This could result in some adjustments in the locations of the dedicated transit lanes and stations.
How will the new BRT service affect local service on Route 1?+
The BRT service will replace Route 1 between Spanaway and downtown Tacoma. It will follow the same routing with the exception of stopping at the Tacoma Dome Station to provide connections to other transit service, and serving downtown using Market Street instead of Pacific Avenue.
What happens to Route 1 from Commerce Station to Tacoma Community College?+
The portion of Route 1 between downtown Tacoma and Tacoma Community College would continue to operate using the same schedule and routing as the current service. The Route 1 would connect with the BRT service at the Commerce Street Transit Center.
What will BRT mean for economic development along the corridor?+
Typically, Bus Rapid Transit systems generate increased economic development along their corridors, as people have better access to educational, vocational and job opportunities, and businesses in the area. The City of Tacoma and Pierce County have already identified this corridor for higher-density, mixed-use, transit-oriented development.
Will BRT increase or decrease congestion?+
Congestion mitigation is one of the project’s primary goals. Faster, more frequent, more reliable service will provide a competitive alternative to driving, thereby reducing the number of cars in the corridor.
Will BRT require the removal of general-purpose lanes along the corridor?+
Plans currently outlined in the feasibility study do not call for the removal of any general-purpose lanes along the corridor.
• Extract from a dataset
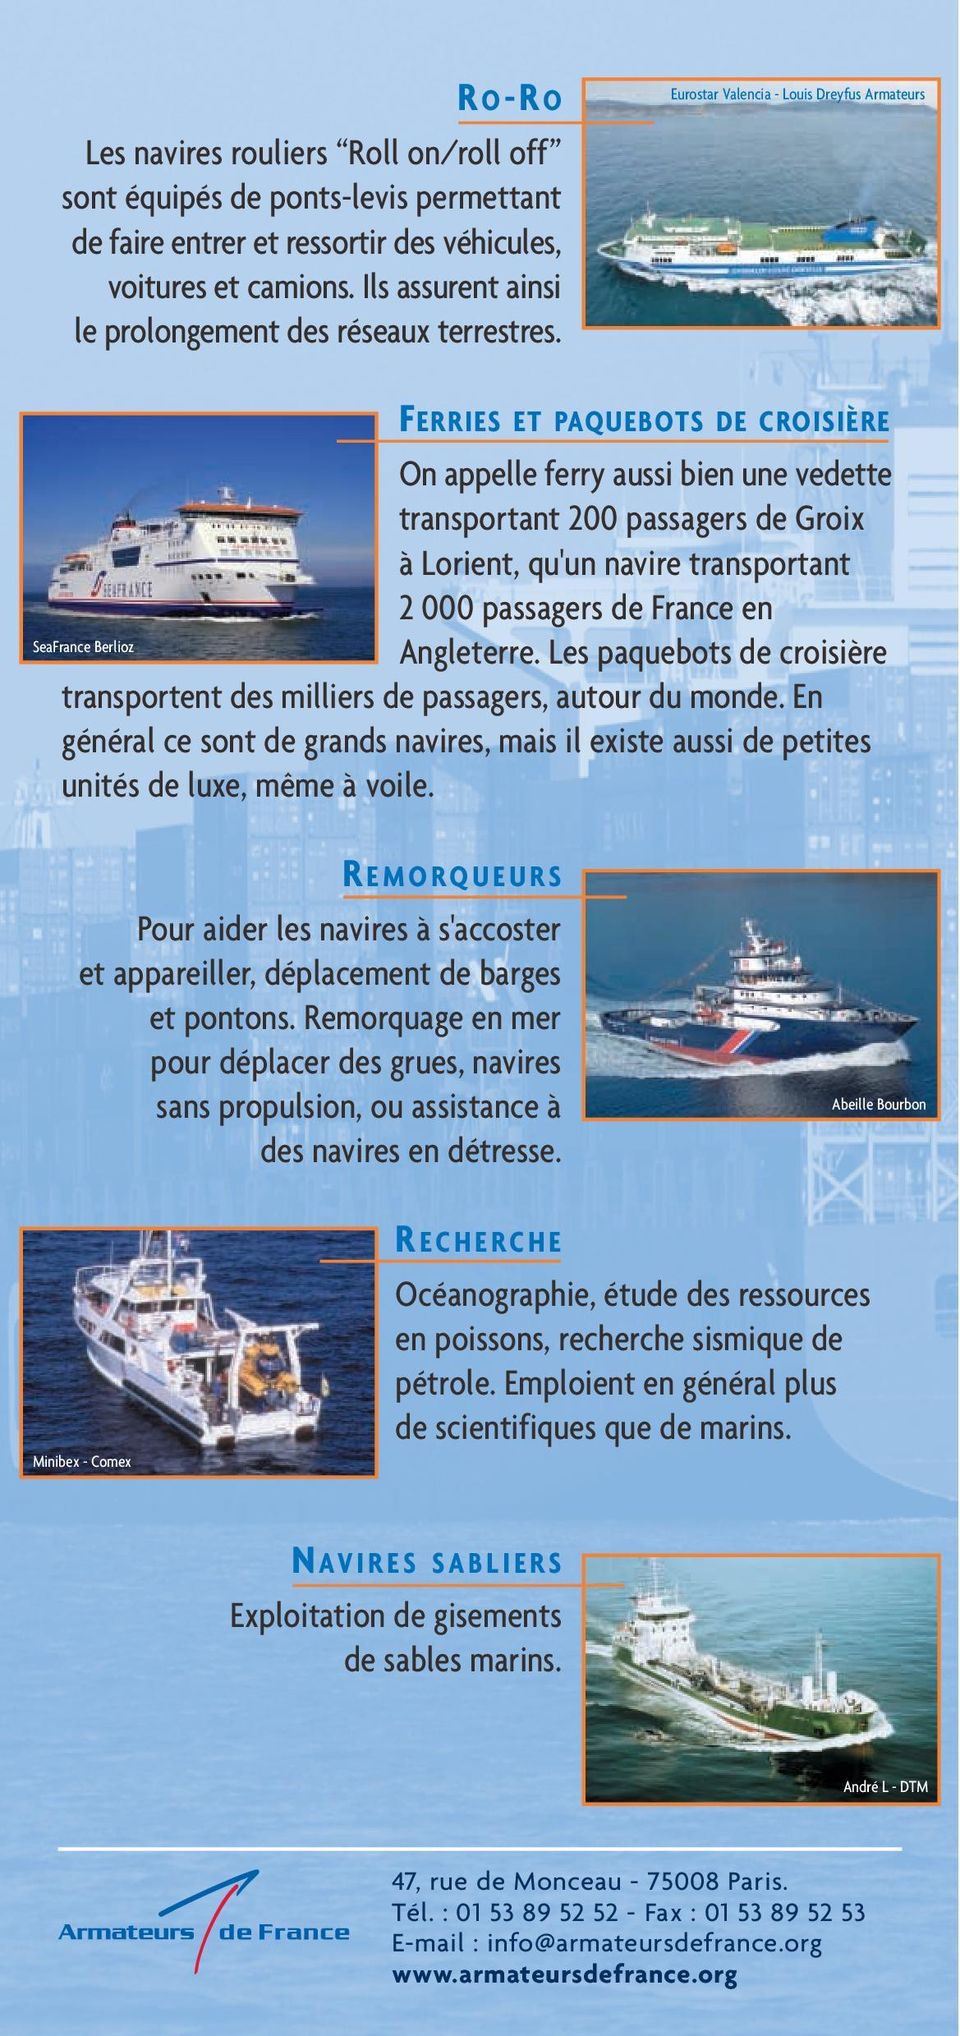 Eurostar Valencia - Louis Dreyfus Armateurs FERRIES ET PAQUEBOTS DE CROISIÈRE On appelle ferry aussi bien une vedette transportant 200 passagers de Groix à Lorient, qu'un navire transportant 2 000

In some instances, a dedicated transit lane for buses and vehicles turning right may be added, or the bus may travel in the median lane, but the scenarios under consideration do not eliminate general-purpose traffic lanes. The 14.4-mile corridor has widely-varying travel configurations, so the portion of roadway where the bus runs will likely vary throughout the corridor. On-street or surface parking could change, depending on path of travel and station locations.
Is BRT a tested transit option?+
Yes, BRT is a rapidly-growing transit mode in Washington state. In the Puget Sound area, King County Metro has RapidRide and Community Transit has Swift. In Vancouver, C-TRAN recently opened The Vine, and Spokane Transit is in the planning stages for their inaugural BRT line.
How much do BRT projects typically cost?+
BRT projects typically cost about $10 million per mile. The Pacific Avenue | SR-7 BRT project is estimated to cost about $150 million (including vehicles). By contrast, street cars cost about $30 million per mile and light rail costs $200 million per mile.
How much faster will that 14.4-mile trip be once BRT is implemented?+
The answer to this question will depend on how much of the route will have dedicated transit lanes and how much time the bus will spend in mixed traffic. The more dedicated lanes, the faster the route will run. We will have a better sense of how much faster the trip will be once the lane configurations are selected in each segment of the corridor. Typically, BRT systems operate from 15-30 percent faster than the local fixed route. Since our current fixed route (Route 1) requires as much as 55 minutes to ride from Spanaway to downtown Tacoma, the agency will do whatever is possible to design a new BRT route that reduces that travel time by the maximum amount possible.